Thursday, April 3, 2014
Would raising the minimum wage in Washington help the poor? Would it hurt business and increase unemployment? Neither? Both?
Back in January, we took on that question, and came to the frustrating conclusion that the evidence was by no means clear. In fact, it’s a long, long running debate among economists.
Afterward, a Congressional Budget Office report examined the issue, and determined that an increase of the national minimum wage to $10.10 could cost the country about 500,000 jobs but would move 900,000 people above the poverty level.
But tonight at Gonzaga’s Wolff Auditorium in the Jepson Building from from 7:00-8:45 pm, the proposition will be debated by some big names. It’s put on by the Washington Policy Center, a conservative think-tank that clearly opposes the minimum wage, but has included some heavy hitters on both sides.
KREM anchor Nadine Woodward will be asking the questions, and panelists include:
On the probably-against-an-increase side
Steve Moore with the Wall Street Journal Editorial Board. Here he is, according to the blog of the conservative Heritage foundation, “demolishing the argument for a higher minimum wage.”
Kevin Parker, a Republican politician and local Dutch Bros owner, who has received some praise even from liberals for his efforts to help those in poverty. Yet Parker isn’t a fan of a minimum wage increase.
"We had an employee that works with us," Parker told us back in January. "She was a single mom, she was coming out of three or four generations of poverty, raising a kid all by herself. She wants to go to Stanford." But Parker noted that if he had to pay everyone a higher minimum wage, he couldn't afford to pay her as much as he wanted.
Eric Fruits, from Portland State University. He studied Oregon and Washington specifically and found that Washington and Oregon’s automatic increases in the minimum wage reduced employment, especially for young people.
On the probably-for-an-increase side
Timm Ormsby: A Spokane Democratic state rep who, with a few of his colleagues, cheekily proposed a bill last year to give a “training wage” – only 75 percent of their salary – for legislators the first two years in office.
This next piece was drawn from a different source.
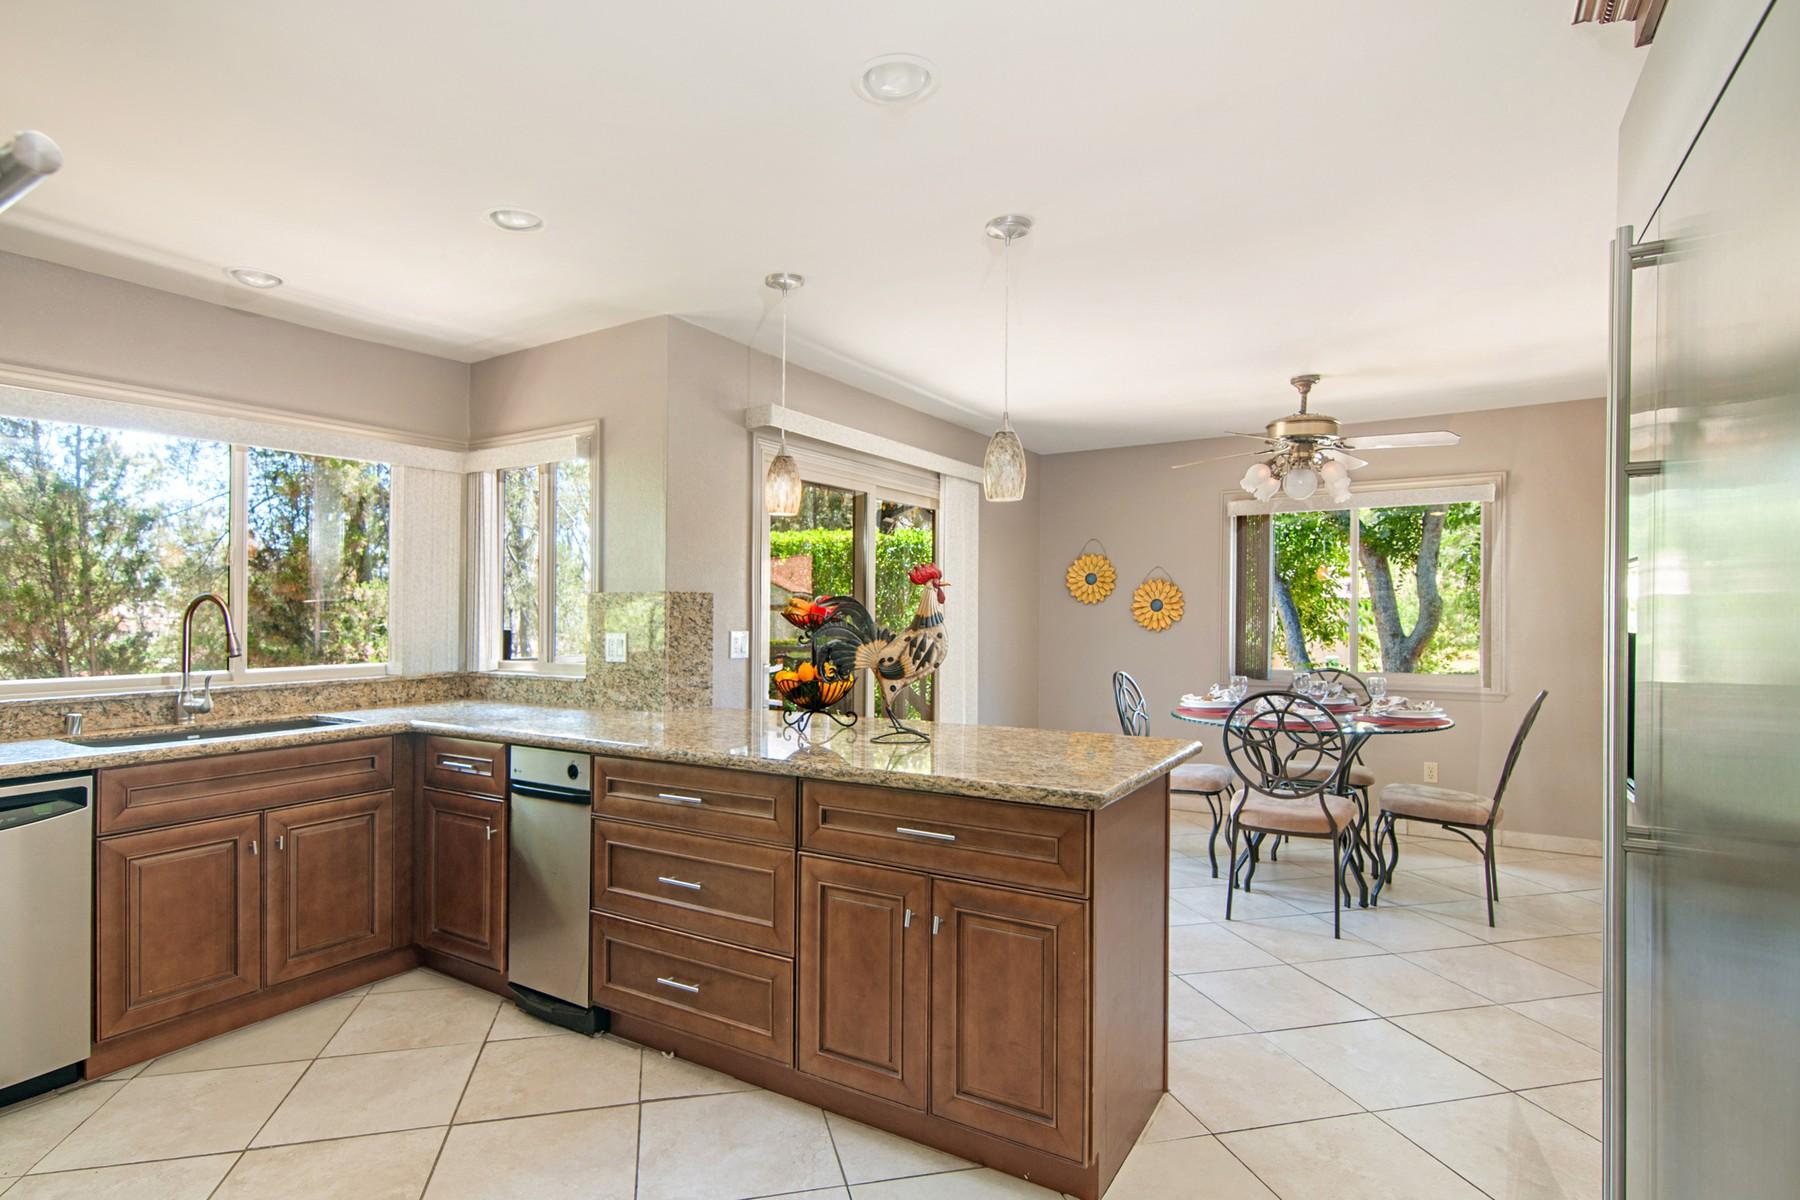 Additional photo for property listing at 3202 Avenida Hacienda  Escondido, California 92029 Estados Unidos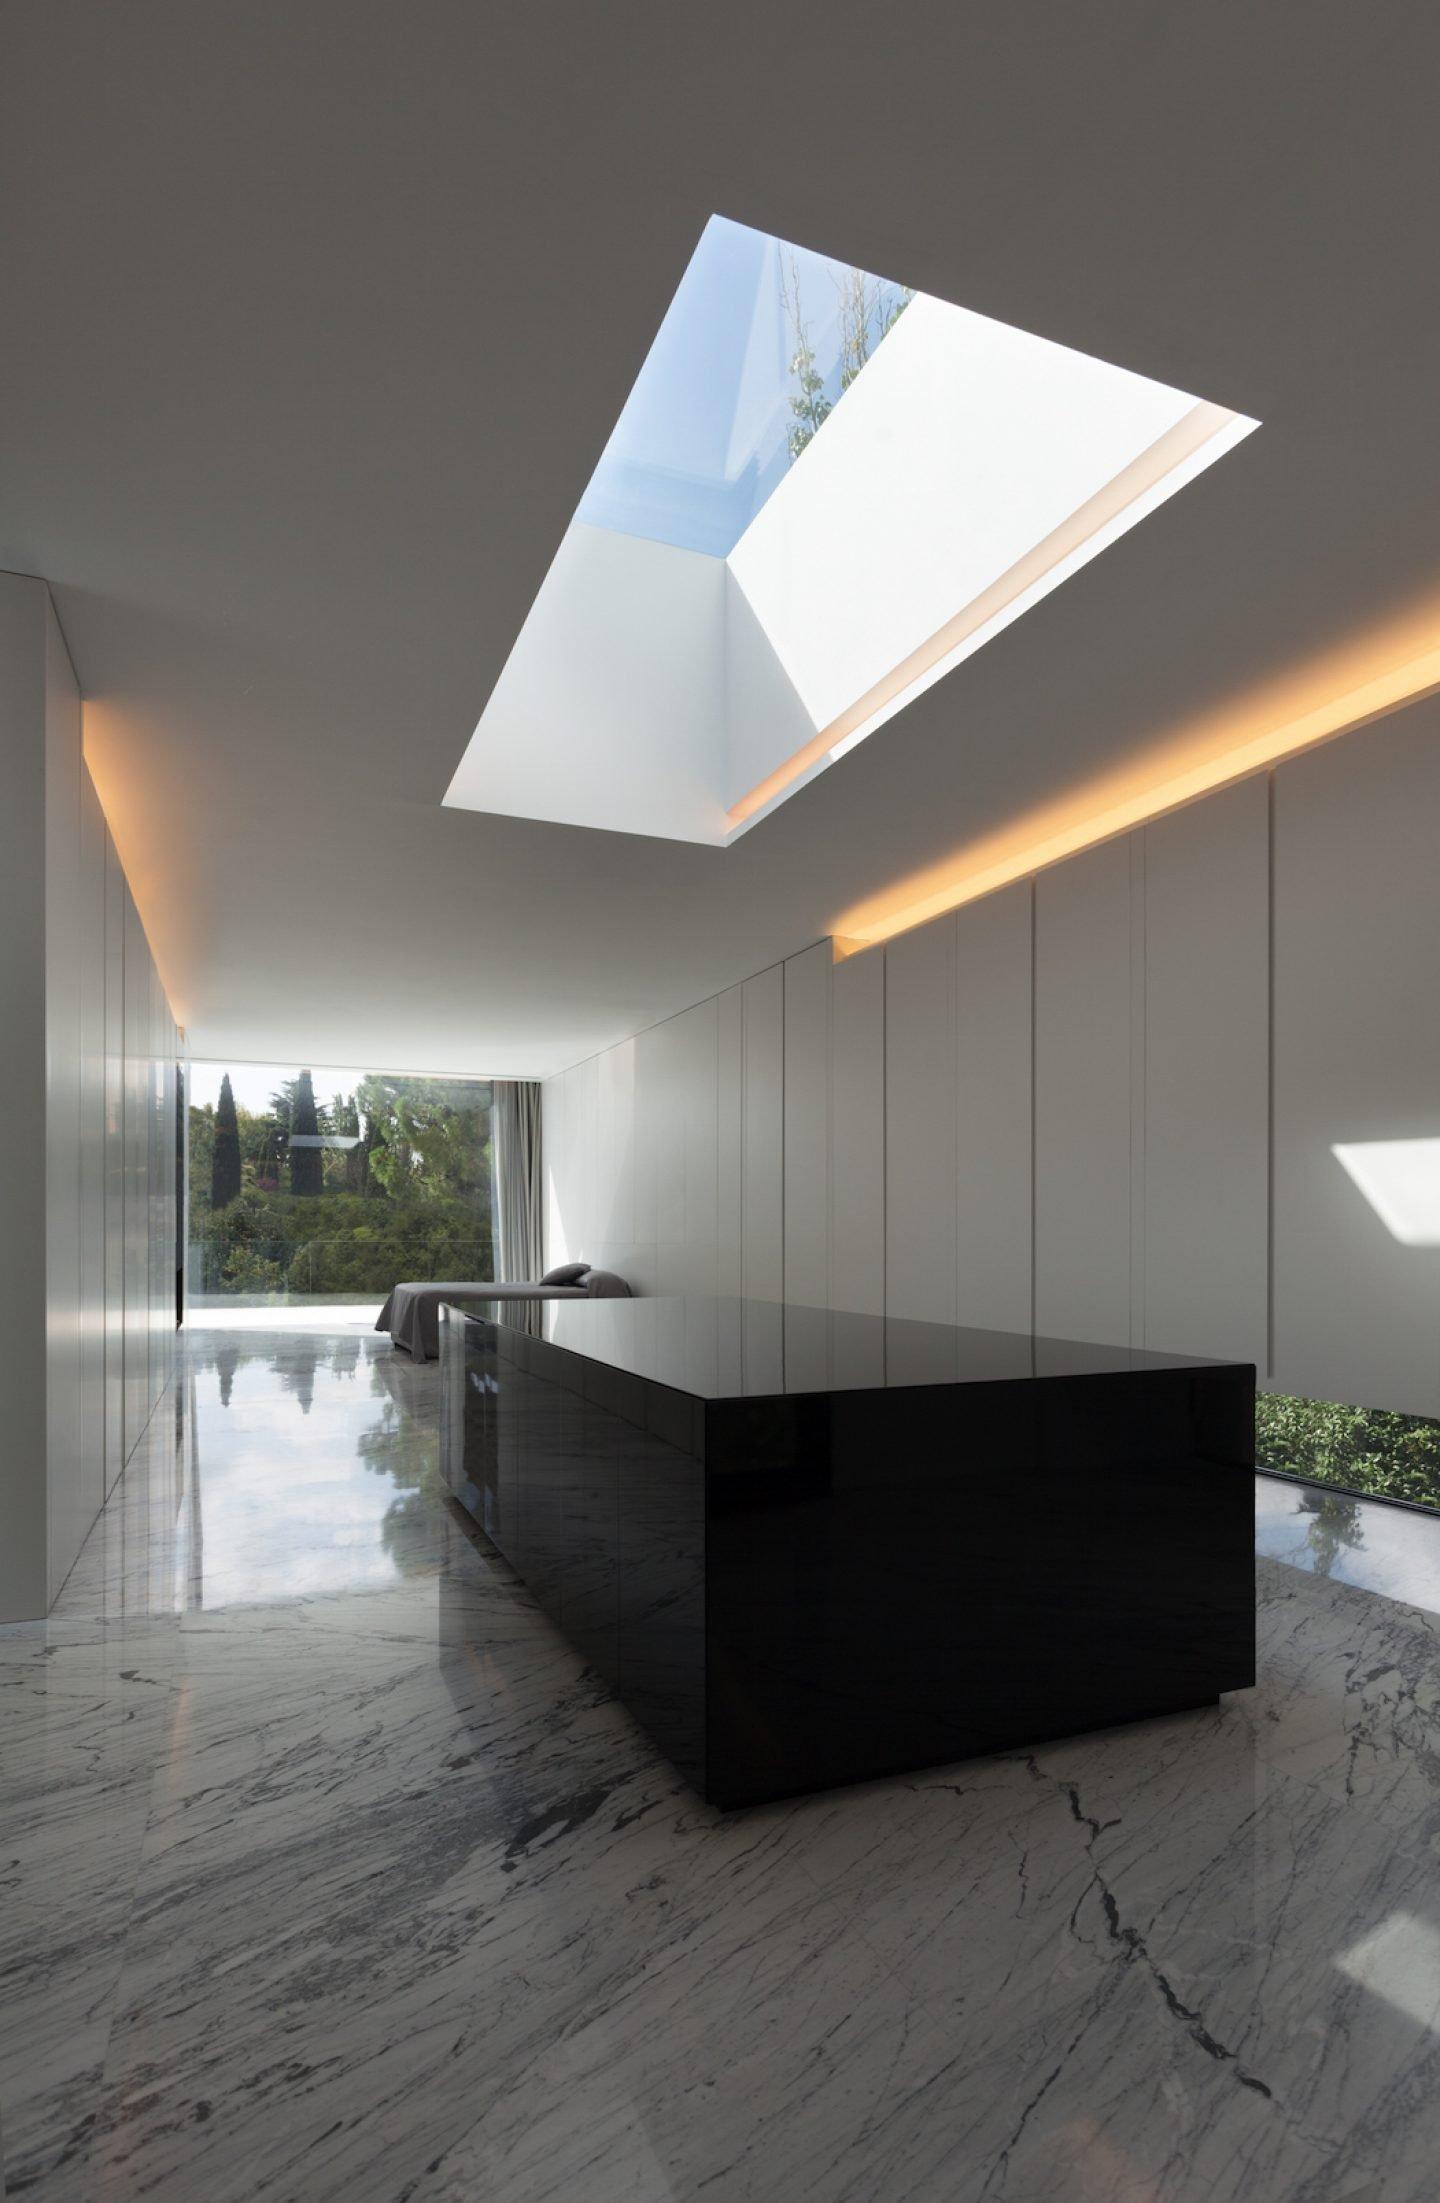 FRAN SILVESTRE ARQUITECTOS - ALUMINUM HOUSE - 016

It was a clear parody of a Senate Republican bill to apply a lower minimum wage to workers for their first 680 hours
Sarah Jane Glynn, with the liberal Center for American Progress. Here she is discussing the minimum wage with Bloomberg, along with Steve Forbes, of the magazine that bears his name.
T. William Lester of the University of North Carolina. He was a co-author on a research study that found that, when they compared county-pairs with big minimum-wage disparities (Spokane and Kootenai are one example) they found no adverse negative effects to a higher minimum wage.